Instructions for the task:
Omitting all images, set down every line below exactly as it appears.

Raw data:
[Start of Attachment]
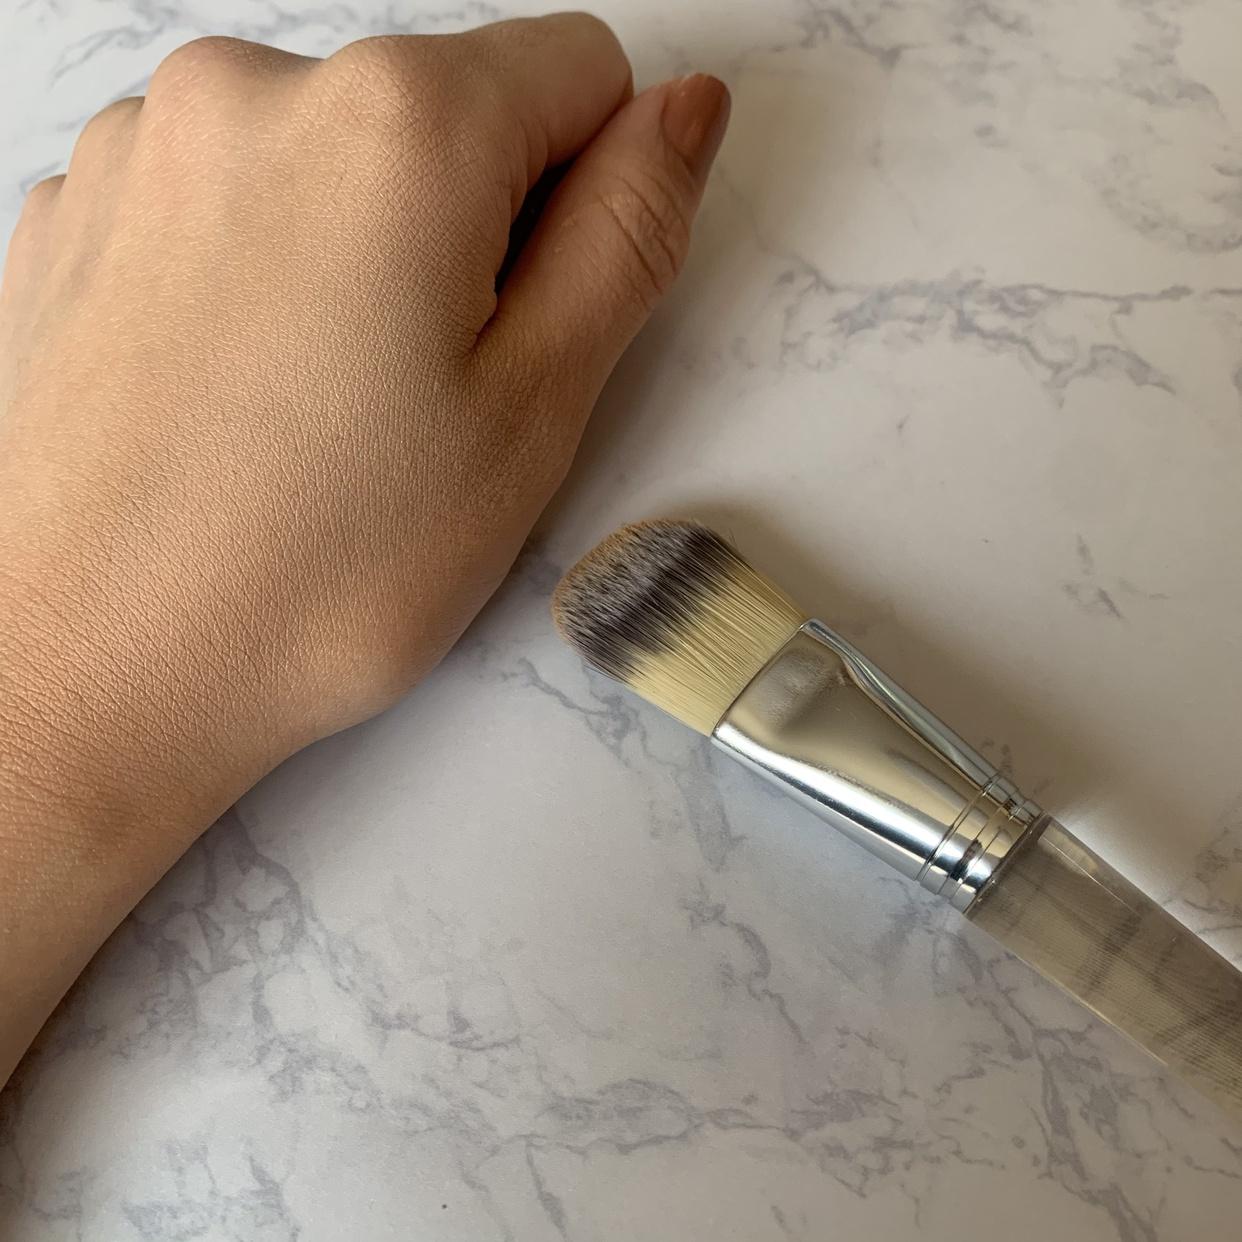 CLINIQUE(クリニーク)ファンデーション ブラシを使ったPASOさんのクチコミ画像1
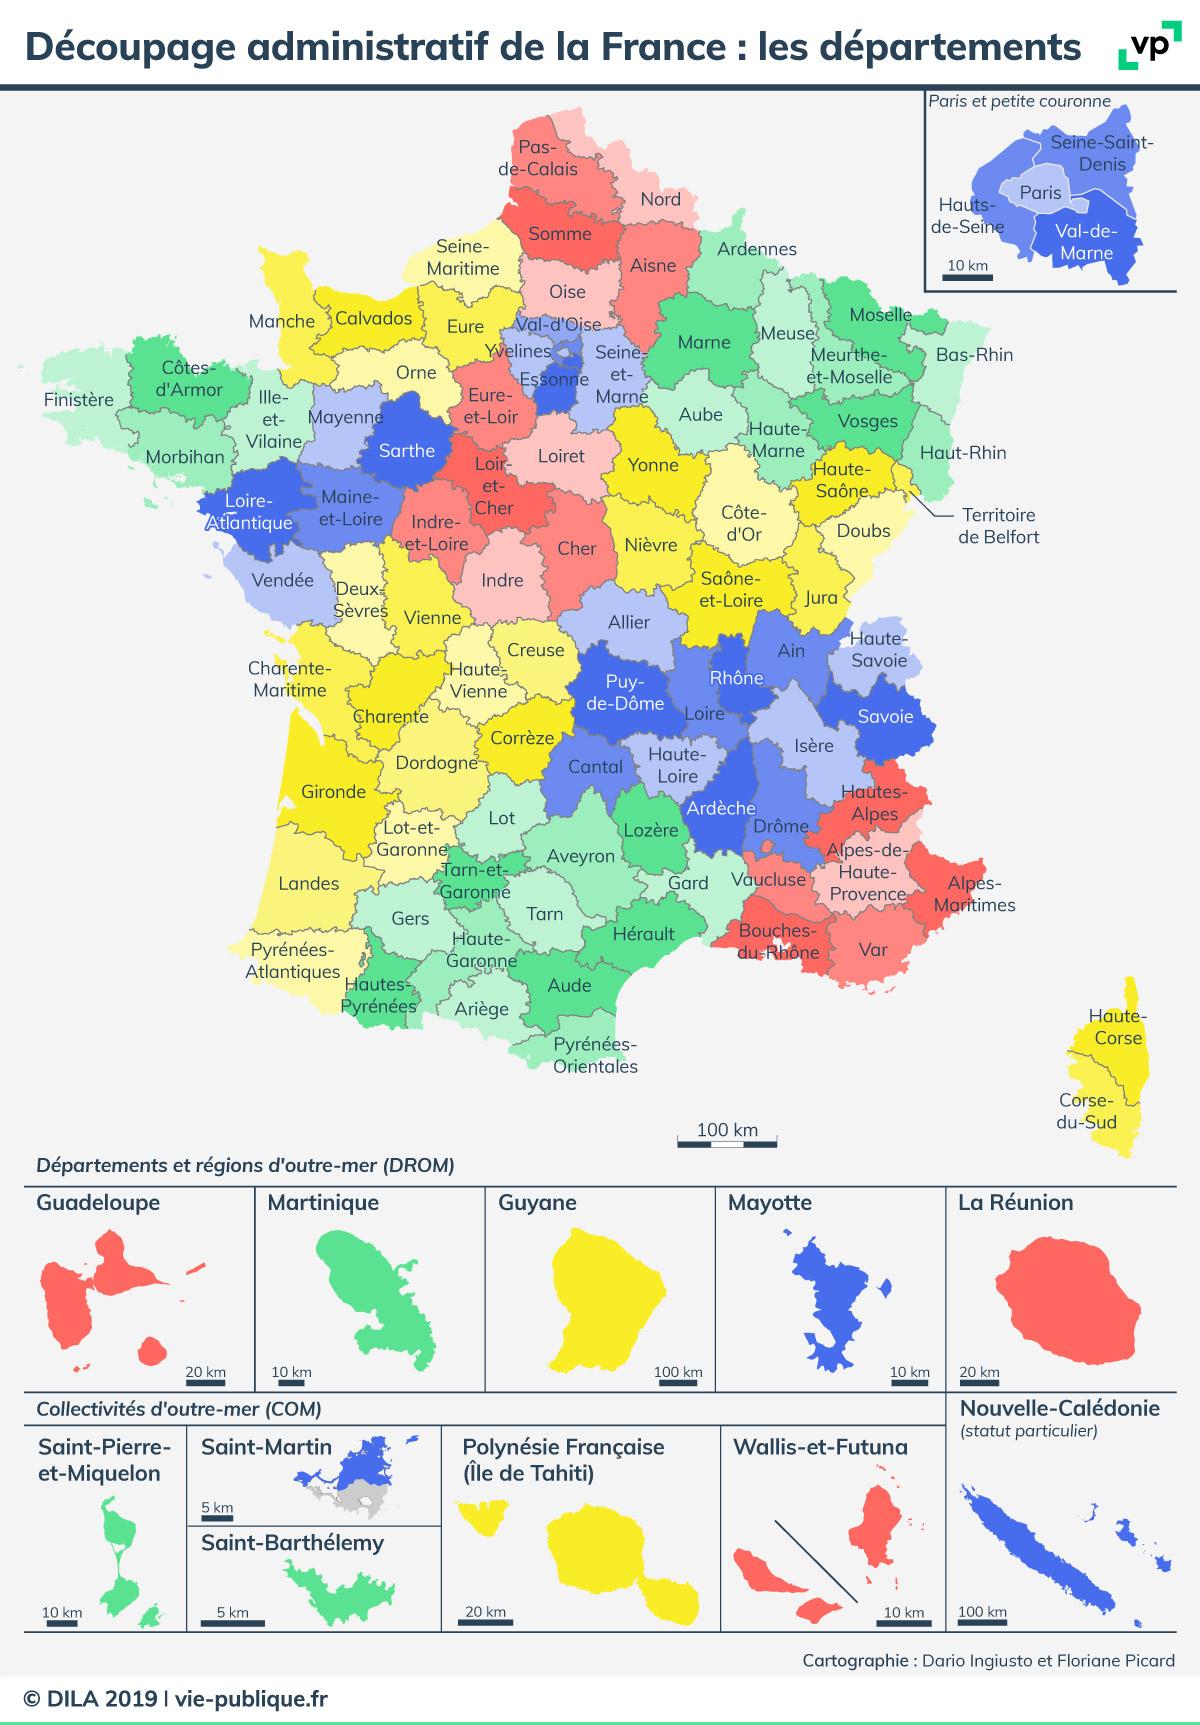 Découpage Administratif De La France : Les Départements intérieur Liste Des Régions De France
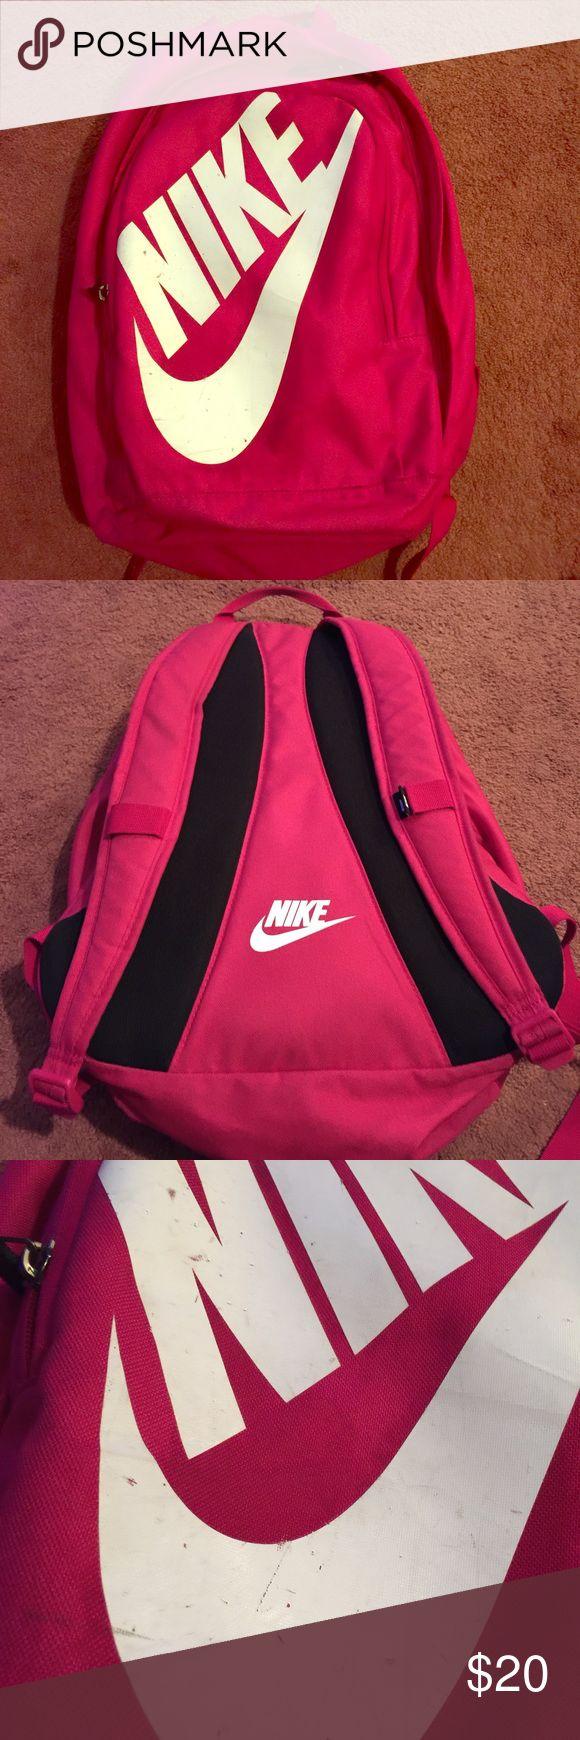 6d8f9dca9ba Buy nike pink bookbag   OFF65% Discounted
[End of Attachment]
Written solution:
 CLINIQUE(クリニーク)ファンデーション ブラシを使ったPASOさんのクチコミ画像1
 Découpage Administratif De La France : Les Départements intérieur Liste Des Régions De France
 6d8f9dca9ba Buy nike pink bookbag   OFF65% Discounted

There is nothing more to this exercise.